Create a Unique Index – MongoDB allows you to specify a unique constraint on an index. These constraints prevent applications from inserting documents that have duplicate values for the inserted fields. Additionally, if you want to create an index on a collection that has existing data that might have duplicate values for the indexed field, you may choose to combine unique enforcement with duplicate dropping.

Unique Indexes – To create a unique index, consider the following prototype

db.collection.ensureIndex( { a: 1 }, { unique: true } )

For example, you may want to create a unique index on the “tax-id”: of the accounts collection to prevent storing multiple account records for the same legal entity

db.accounts.ensureIndex( { “tax-id”: 1 }, { unique: true } )

The _id index is a unique index. In some situations you may consider using the _id field itself for this kind of data rather than using a unique index on another field. In many situations you will want to combine the unique constraint with the sparse option. When MongoDB indexes a field, if a document does not have a value for a field, the index entry for that item will be null. Since unique indexes cannot have duplicate values for a field, without the sparse option, MongoDB will reject the second document and all subsequent documents without the indexed field.
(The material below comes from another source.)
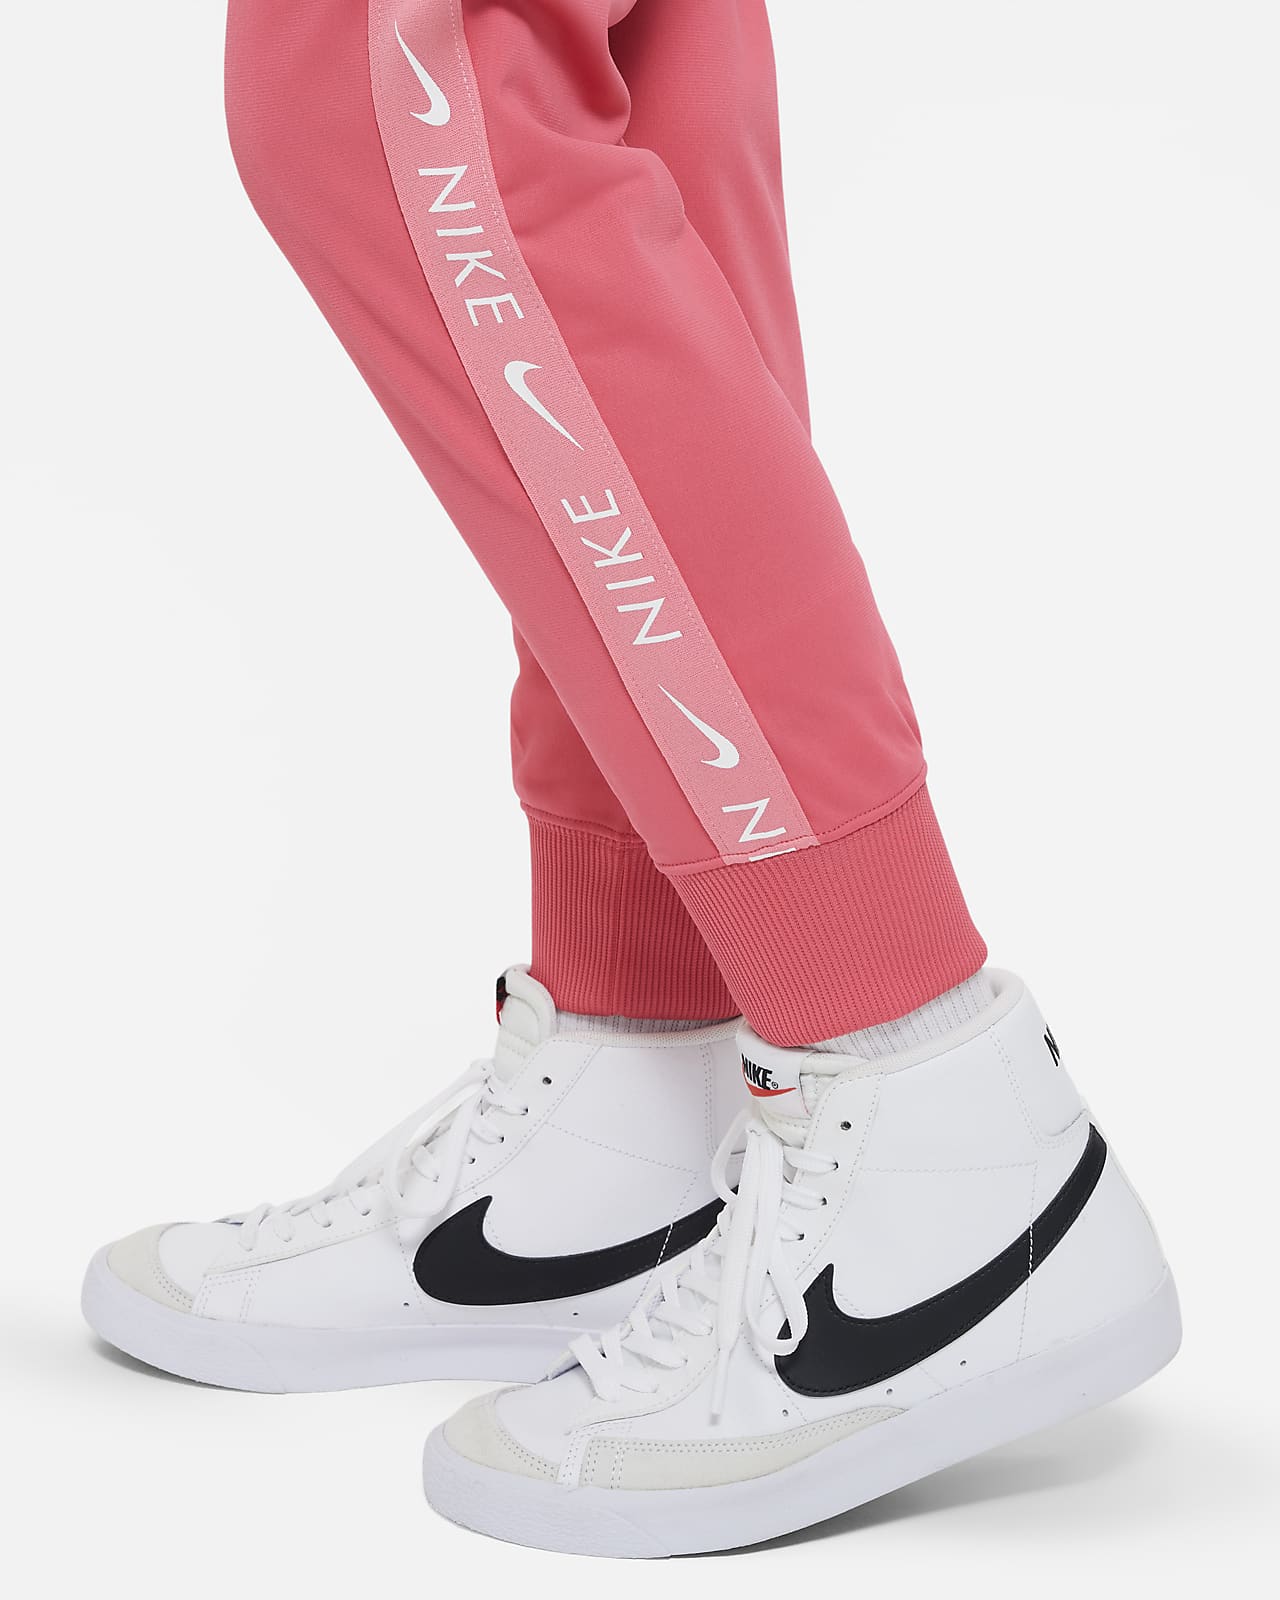 Sportswear Chándal Niño/a. Nike ES
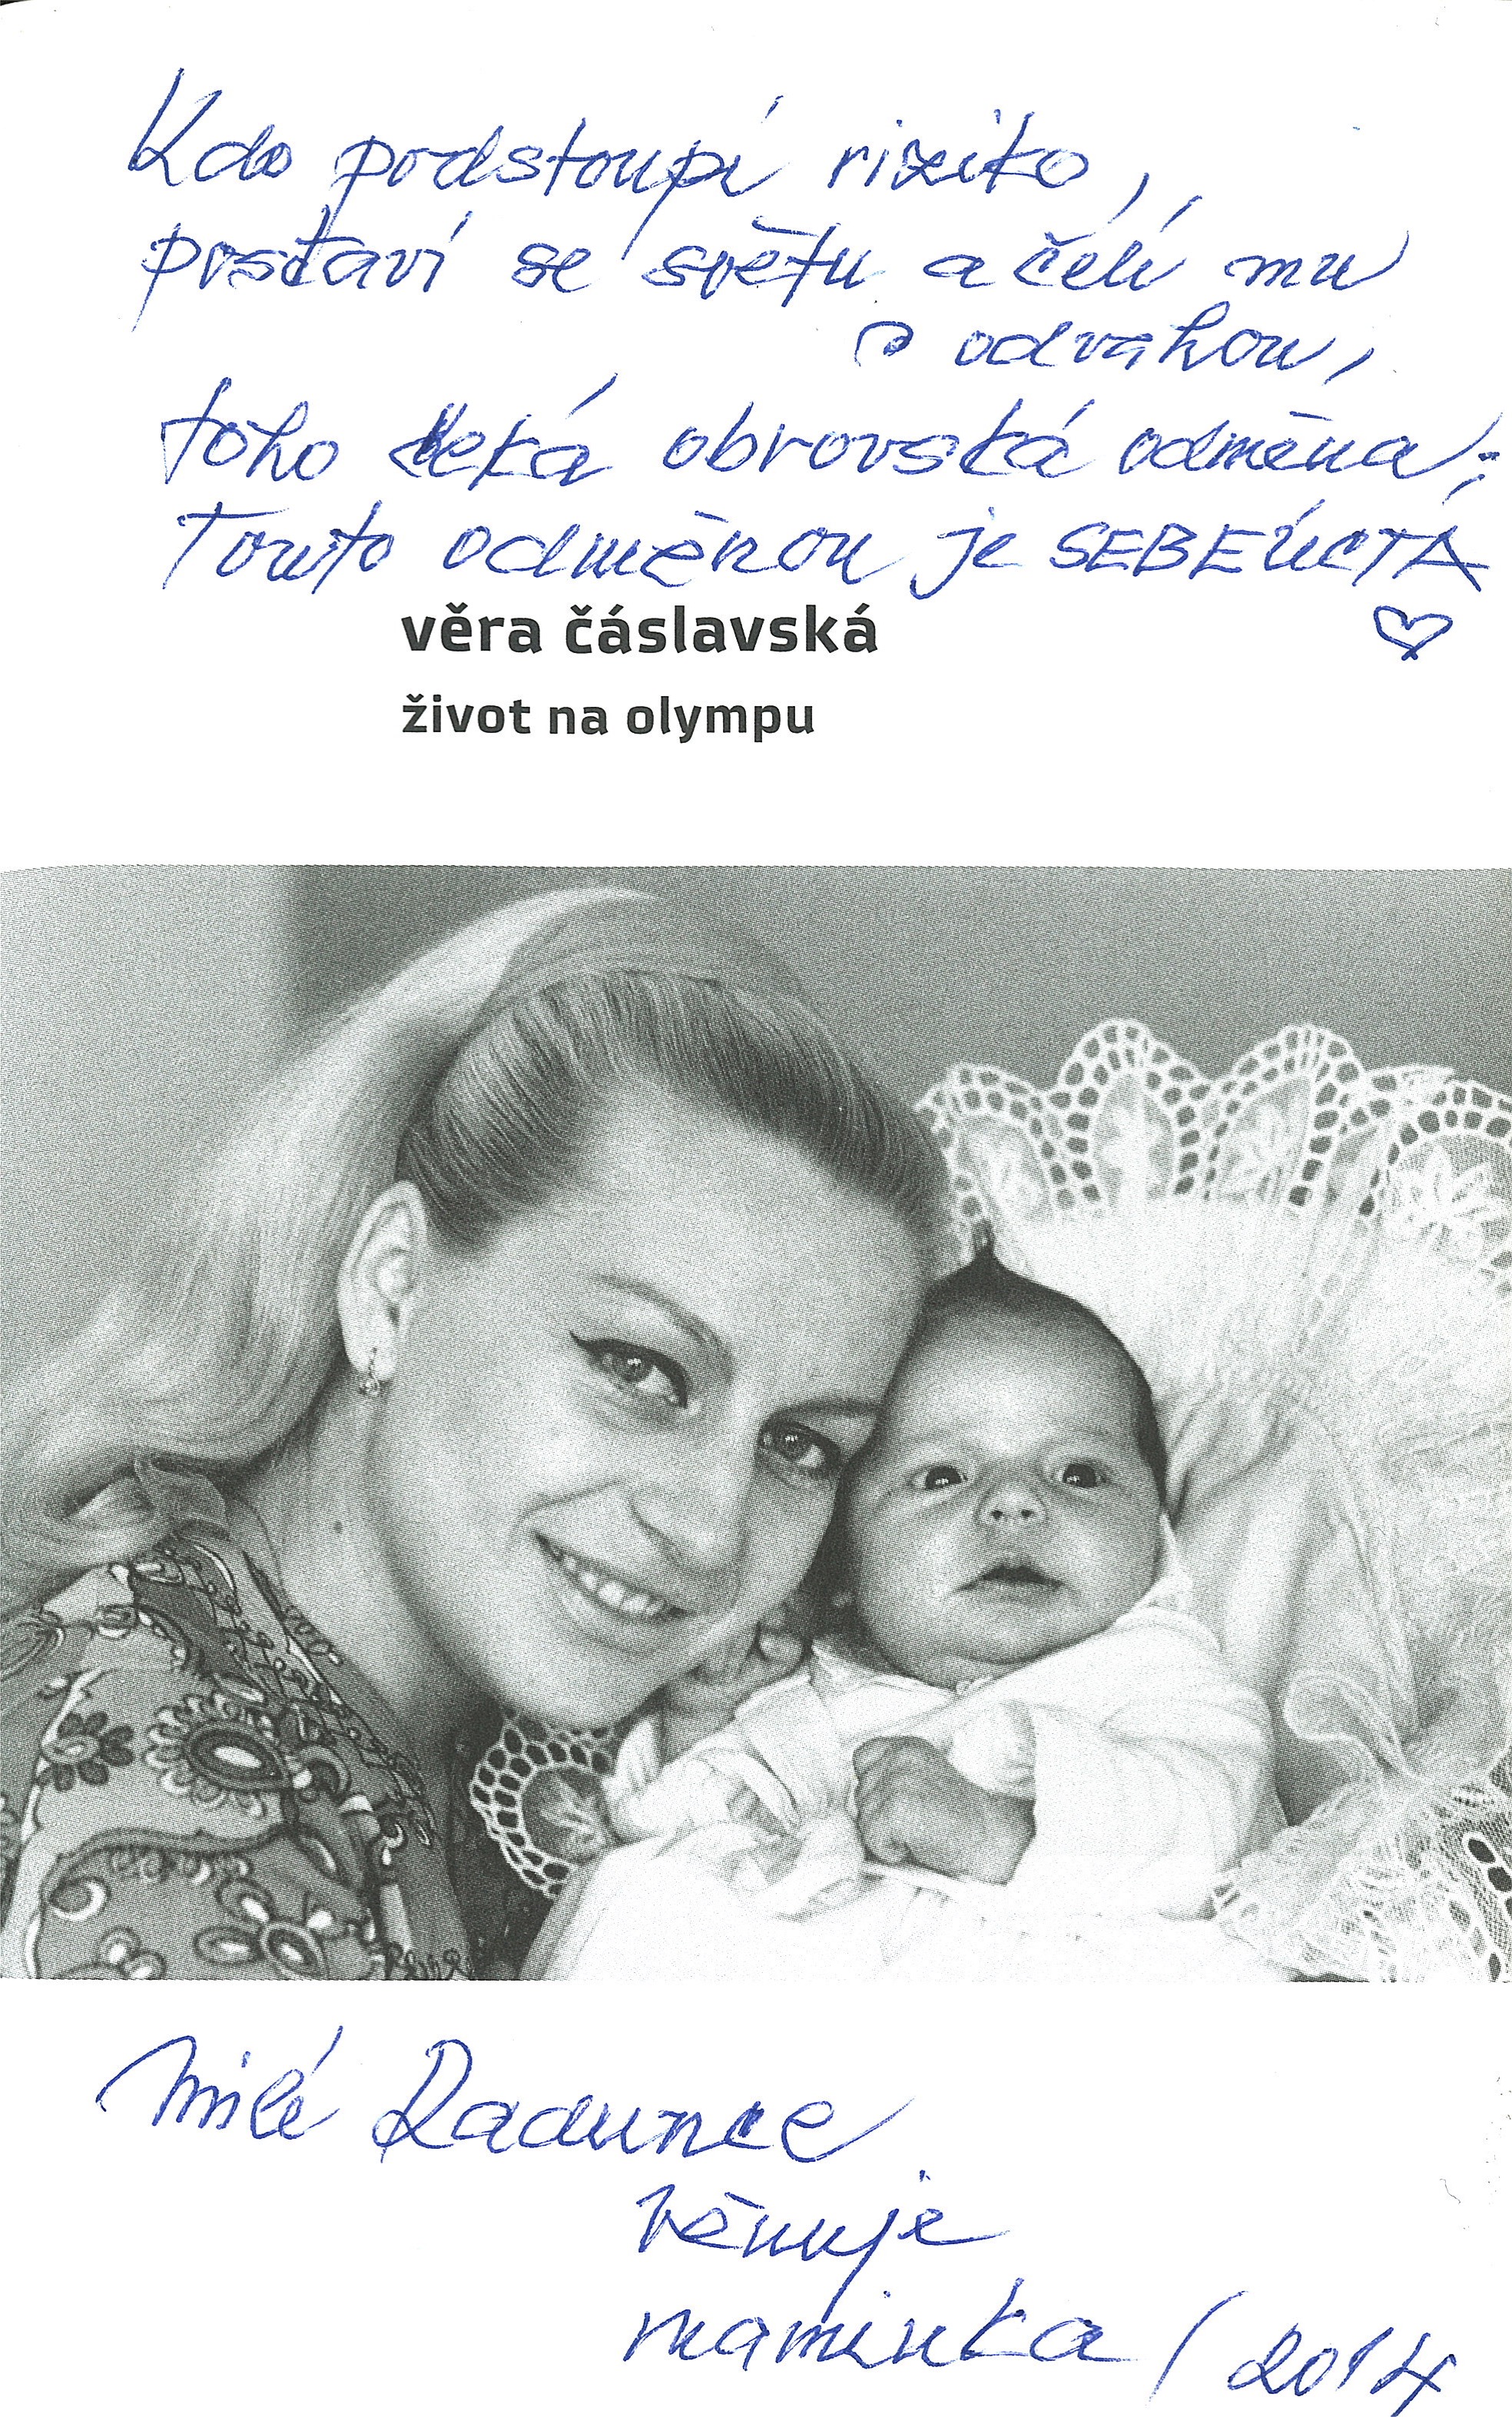 Caslavska's  Motto

Consider the following prototype.

db.collection.ensureIndex( { a: 1 }, { unique: true, sparse: true } )

You can also enforce a unique constraint on compound indexes, as in the following prototype

db.collection.ensureIndex( { a: 1, b: 1 }, { unique: true } )

These indexes enforce uniqueness for the combination of index keys and not for either key individually.

Drop Duplicates – To force the creation of a unique index on a collection with duplicate values in the field you are indexing you can use the dropDups option. This will force MongoDB to create a unique index by deleting documents with duplicate values when building the index. Consider the following prototype invocation of ensureIndex()

db.collection.ensureIndex( { a: 1 }, { unique: true, dropDups: true } )

Specifying { dropDups: true } may delete data from your database. Use with extreme caution.

Create a Sparse Index – Sparse indexes are like non-sparse indexes, except that they omit references to documents that do not include the indexed field. For fields that are only present in some documents sparse indexes may provide a significant space savings.

Prototype – To create a sparse index on a field, use an operation that resembles the following prototype

db.collection.ensureIndex( { a: 1 }, { sparse: true } )

As an example, the following operation, creates a sparse index on the user’s collection that only includes a document in the index if the twitter_name field exists in a document.

db.users.ensureIndex( { twitter_name: 1 }, { sparse: true } )

The index excludes all documents that do not include the twitter_name field. Sparse indexes can affect the results returned by the query, particularly with respect to sorts on fields not included in the index.

Create a Hashed Index – It is new in version 2.4. Hashed indexes compute a hash of the value of a field in a collection and index the hashed value. These indexes permit equality queries and may be suitable shard keys for some collections. MongoDB automatically computes the hashes when resolving queries using hashed indexes. Applications do not need to compute hashes.

Procedure – To create a hashed index, specify hashed as the value of the index key, as in the following example to specify a hashed index on _id

db.collection.ensureIndex( { _id: “hashed” } )

MongoDB supports hashed indexes of any single field. The hashing function collapses sub-documents and computes the hash for the entire value, but does not support multi-key (i.e. arrays) indexes. You may not create compound indexes that have hashed index fields.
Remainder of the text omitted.